5.             The same is true for the agrarian issue. As long as the working class revolution is not victorious, so long as it does not expropriate the bourgeoisie and the land owners, the poor peasants will always remain an oppressed and exploited class. When the February Revolution brought the biggest petty-bourgeois peasant party – the so-called “Social-Revolutionary Party” – to power, it proved unable to expropriate the big land owners and distribute their lands among the poor peasants. Only when the October Revolution smashed the capitalist system, was it possible to expropriate the big land owners by nationalizing the land and handing it over to committees of poor peasants so that they could distribute it among themselves. This guaranteed the loyalty of the poor peasants to the Soviet Republic and enabled the latter to be victorious in the devastating civil war (1918-1921) during which 14 foreign armies fought against it on the side of Russian counter-revolutionary forces. The Bolsheviks advocated the creation of voluntary cooperatives and state farms to raise agrarian productivity. It was the Stalinist counterrevolution which took away the land from the poor peasantry in 1928-29 (“forced collectivization”), a policy that led to devastating famine which ensured the complete alienation of this important segment of society from the socialist goal.
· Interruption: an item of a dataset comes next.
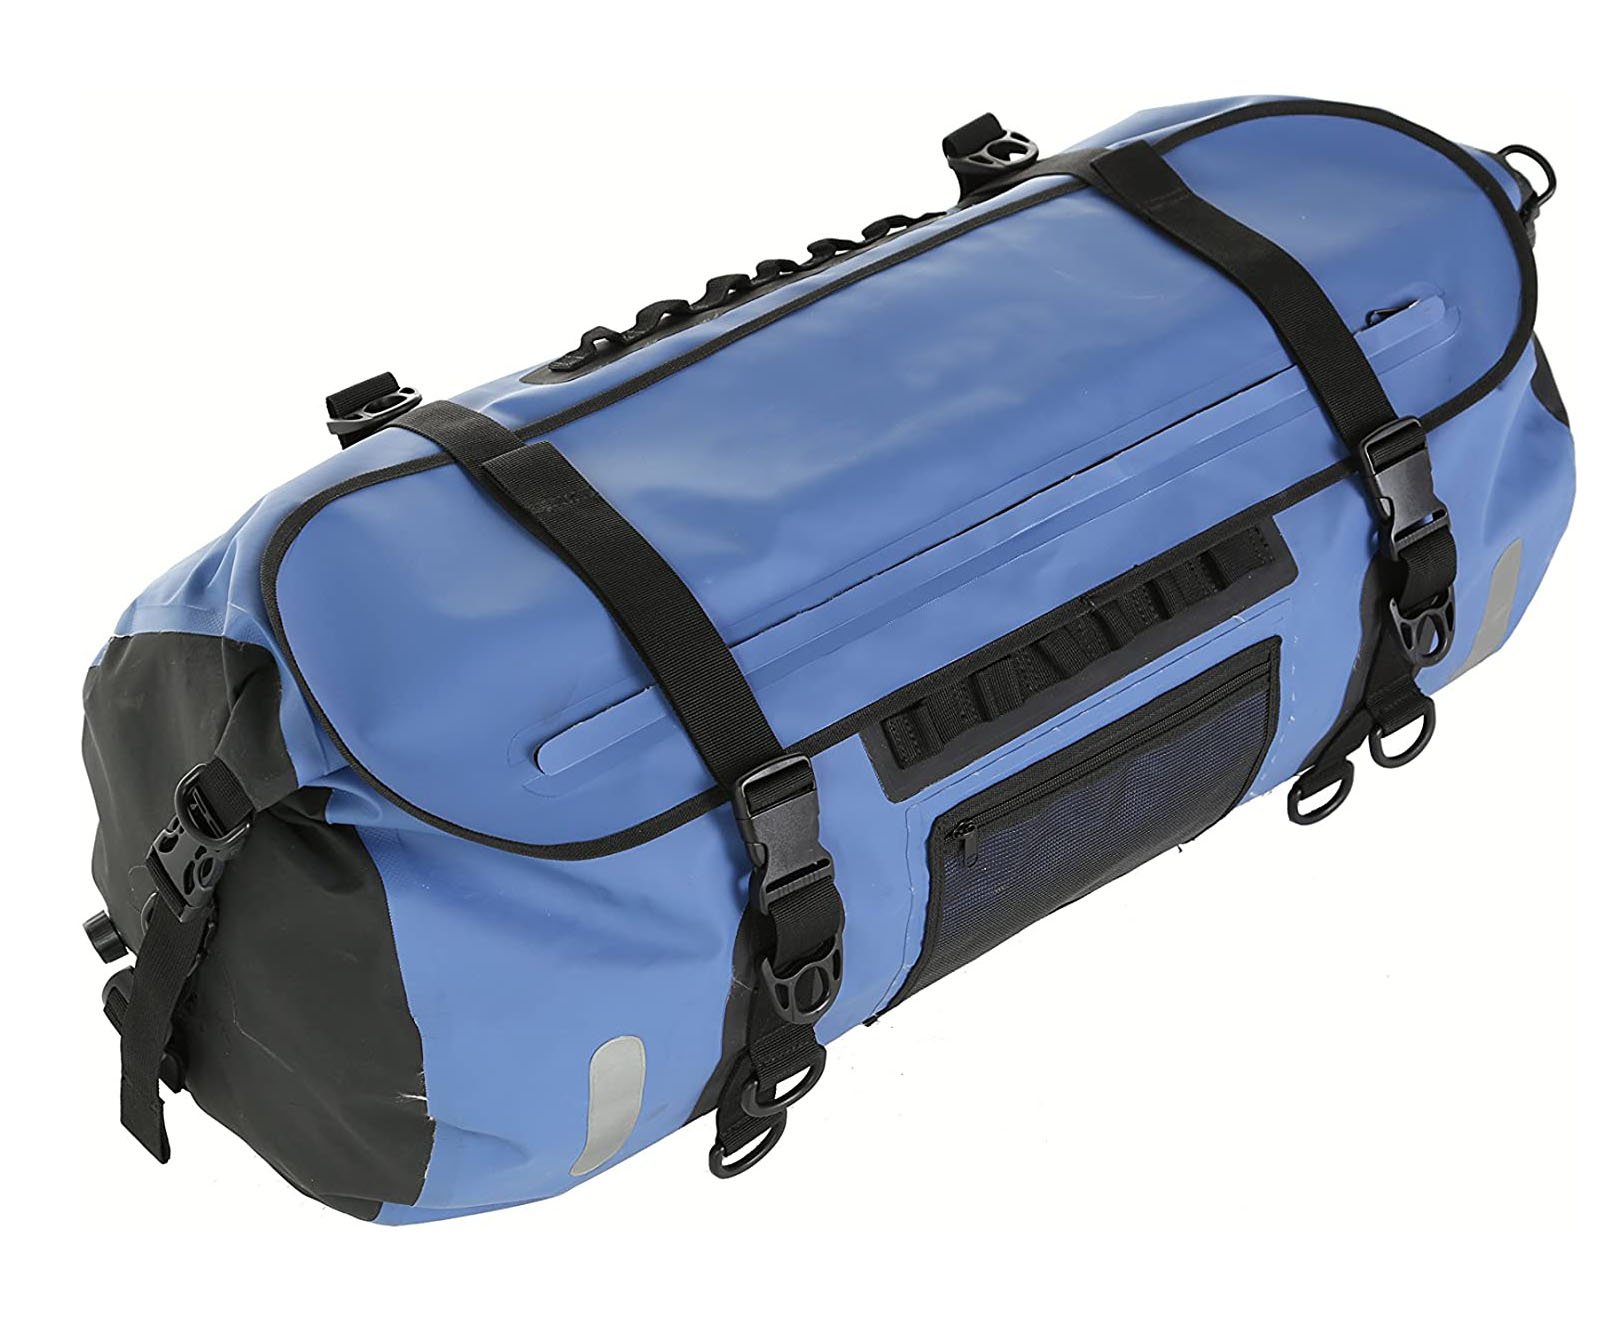 80 Liter Waterproof Duffle Bag Dry Backpack with adjustable waterproof shoulder straps
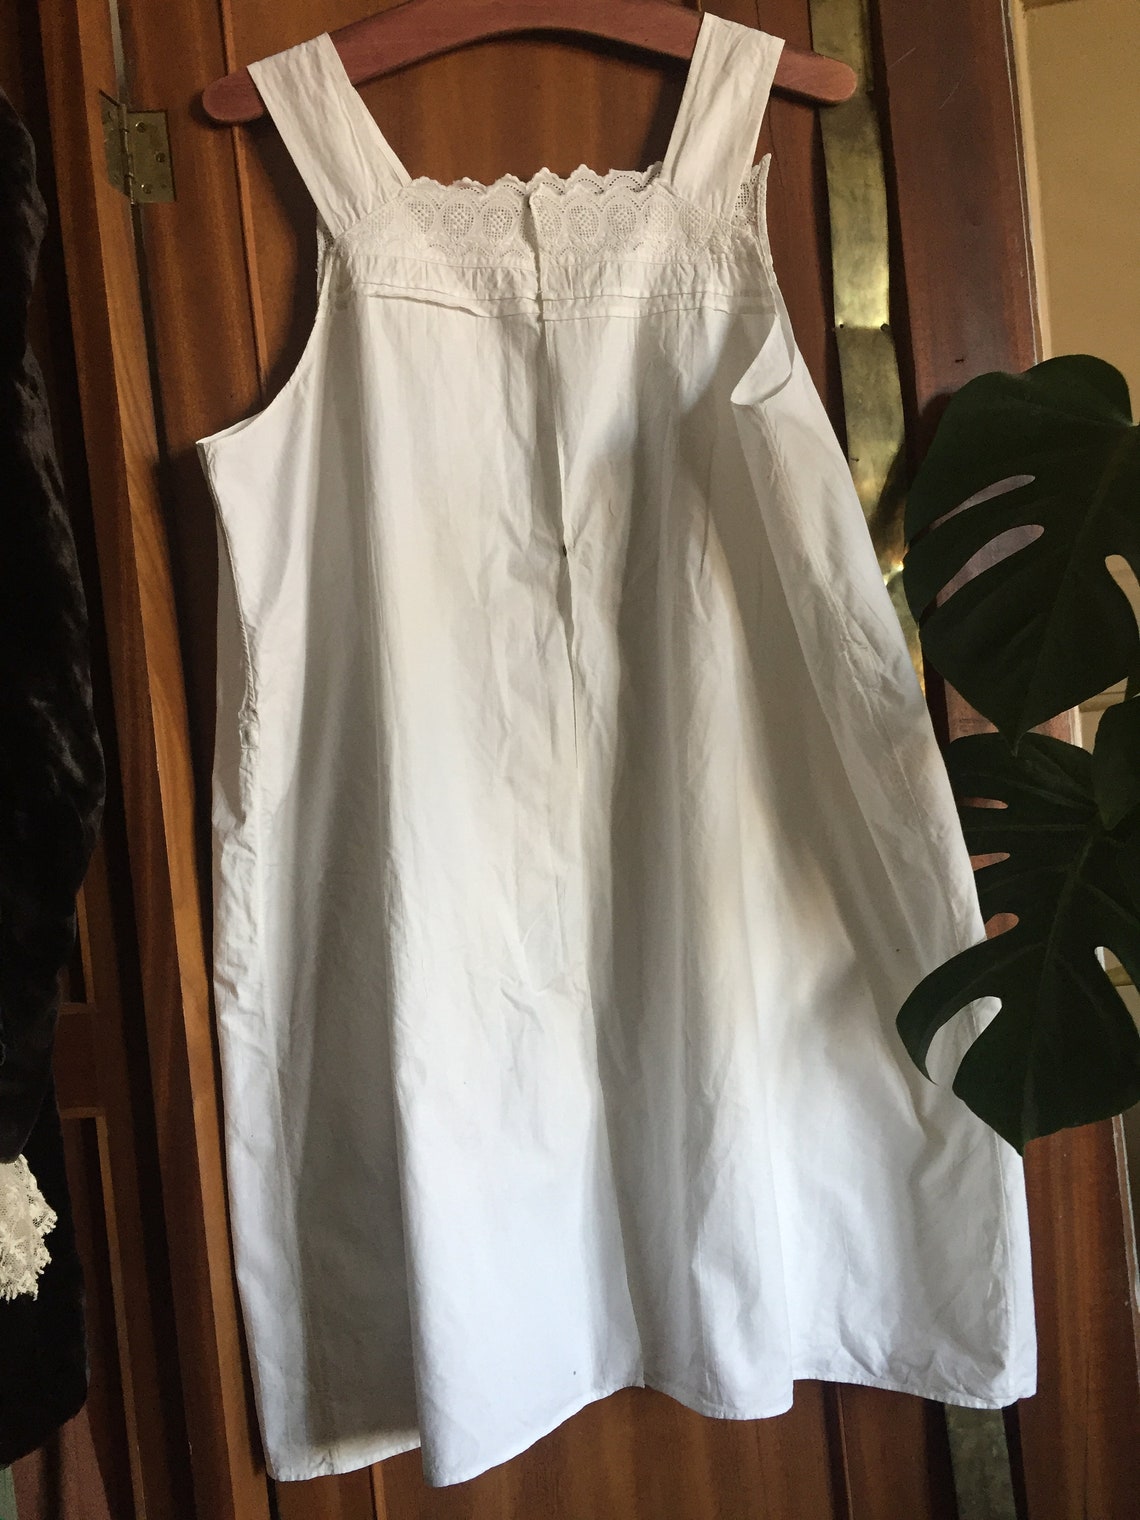 Antique apron 1900s white cotton lace apron with pocket | Etsy

6.             The issue of liberation of oppressed nations is another example of the relevance of the Marxist teachings of Lenin and Trotsky for today’s revolutionary struggle. Tsarist Russia was a “prison house of peoples,“ with 57% of the population being non-Russians who were denied their fundamental rights. This didn’t change when the reformist-bourgeois government took power between February and October 1917. It was only the Bolshevik government, after October, which guaranteed the oppressed people of their right of national self-determination. All nations were ensured full equality, their languages were taught in schools, their culture promoted, they had the right to found their own state, etc. It was only after the Stalinist counter-revolution that non-Russian nations were increasingly oppressed, that Great Russian chauvinism was promoted and that a number of small nations like the Chechens, the Crimean Tatars and others were forcefully deported to remote places thousands of kilometers away from their homelands. Likewise, the Bolsheviks consistently defended the Jews already during the 1903 pogroms as well as after the revolution. In contrast, the capitalist counter-revolution killed numerous Jews. Characteristically, Stalin also waged his campaigns against oppositional groups with anti-Semitic undertones. Likewise, the right-wing Zionists led by Ze'ev Jabotinsky supported the reactionary and anti-Semitic regime of Symon Petlura in the Ukraine during the civil war which killed many Jews.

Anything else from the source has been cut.